Differentiability of a function A function f(x) is said to be differentiable at a point of its domain if it has a finite derivative at that point. Thus f(x) is differentiable at x = a
\(\frac{d y}{d x}=\lim _{h \rightarrow 0} \frac{f(a-h)-f(a)}{-h}=\lim _{h \rightarrow 0} \frac{f(a+h)-f(a)}{h}\)
⇒ f'(a – 0) = f'(a + 0)
⇒ left-hand derivative = right-hand derivative.
Thus function f is said to be differentiable if left hand derivative & right hand derivative both exist finitely and are equal.
If f(x) is differentiable then its graph must be smooth i.e. there should be no break or corner.
Note:
(i) Every differentiable function is necessarily continuous but every continuous function is not necessarily differentiable i.e.
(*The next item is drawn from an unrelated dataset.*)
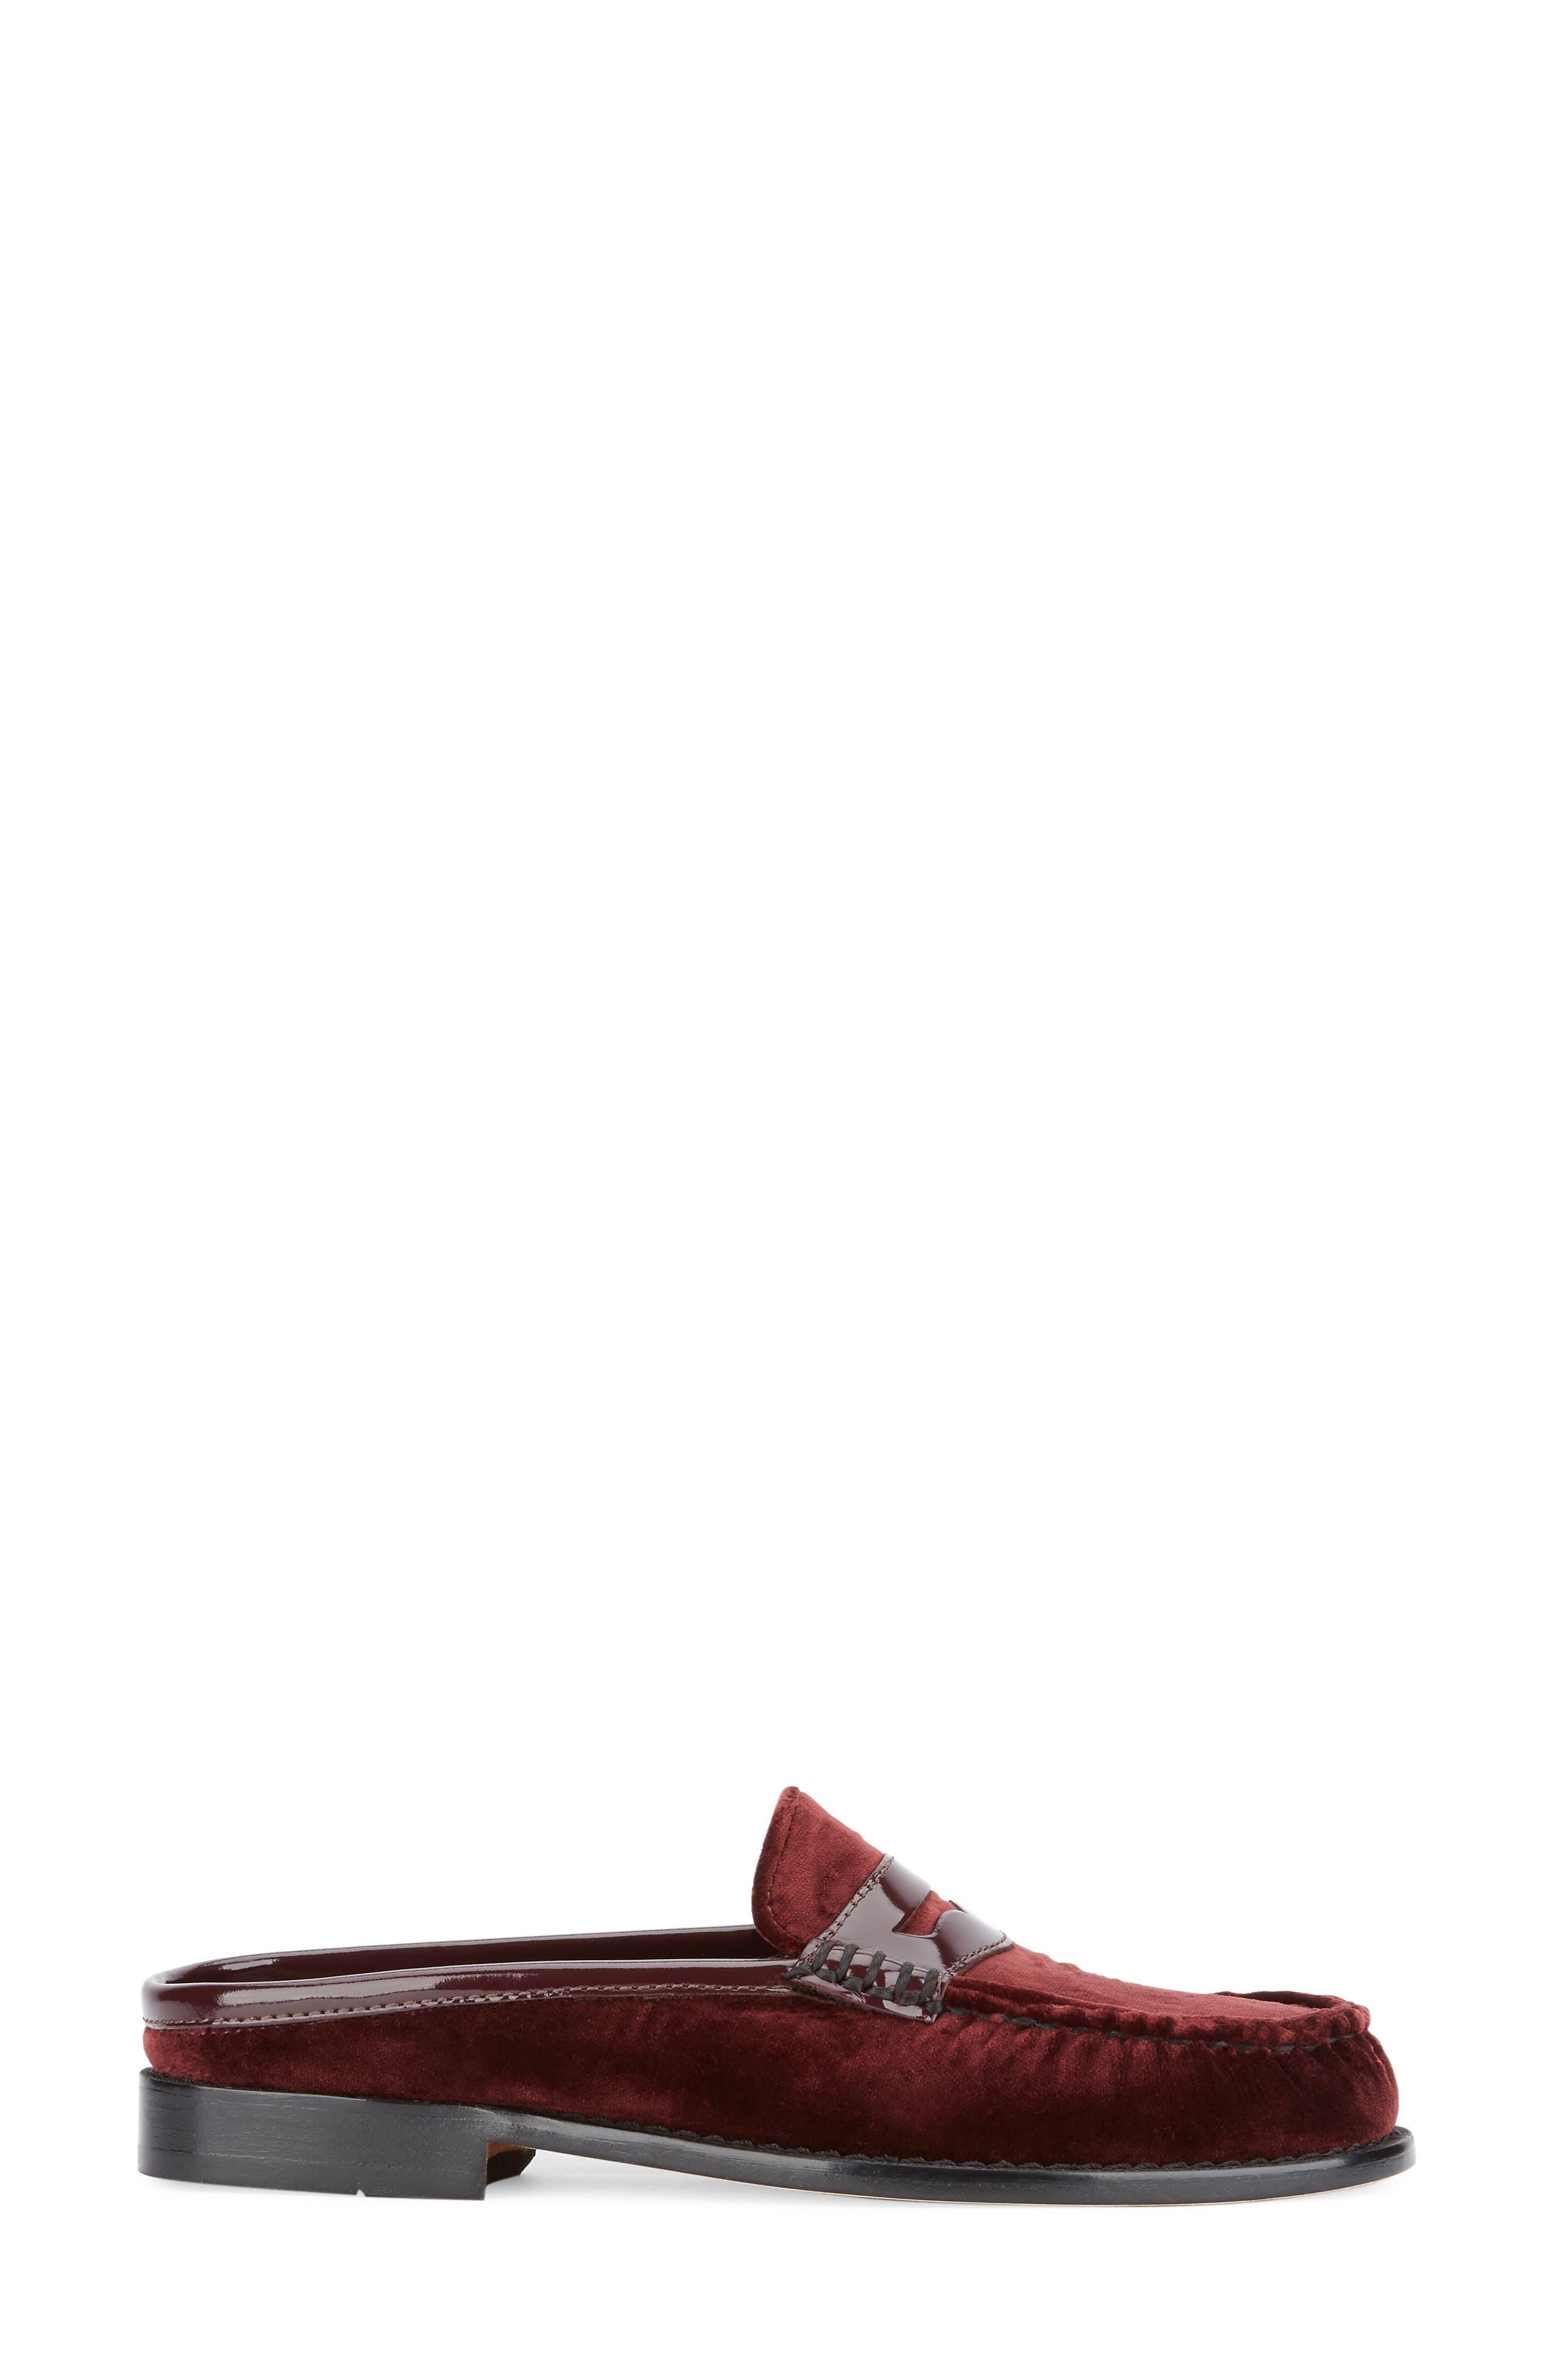 Wynn Loafer Mule,                             Alternate thumbnail 2, color,                             Wine Velvet

Differentiability ⇒ continuity but continuity ⇏ differentiability

(ii) For any curve y = f(x), if at any point \(\frac{d y}{d x}\) = 0 or does not exist then, the point is called “critical point”.

3. Differentiability in an interval
(a) A function fx) is said to be differentiable in an open interval (a, b), if it is differentiable at every point of the interval.

(b) A function f(x) is differentiable in a closed interval [a, b] if it is

  • Differentiable at every point of interval (a, b)
  • Right derivative exists at x = a
  • Left derivative exists at x = b.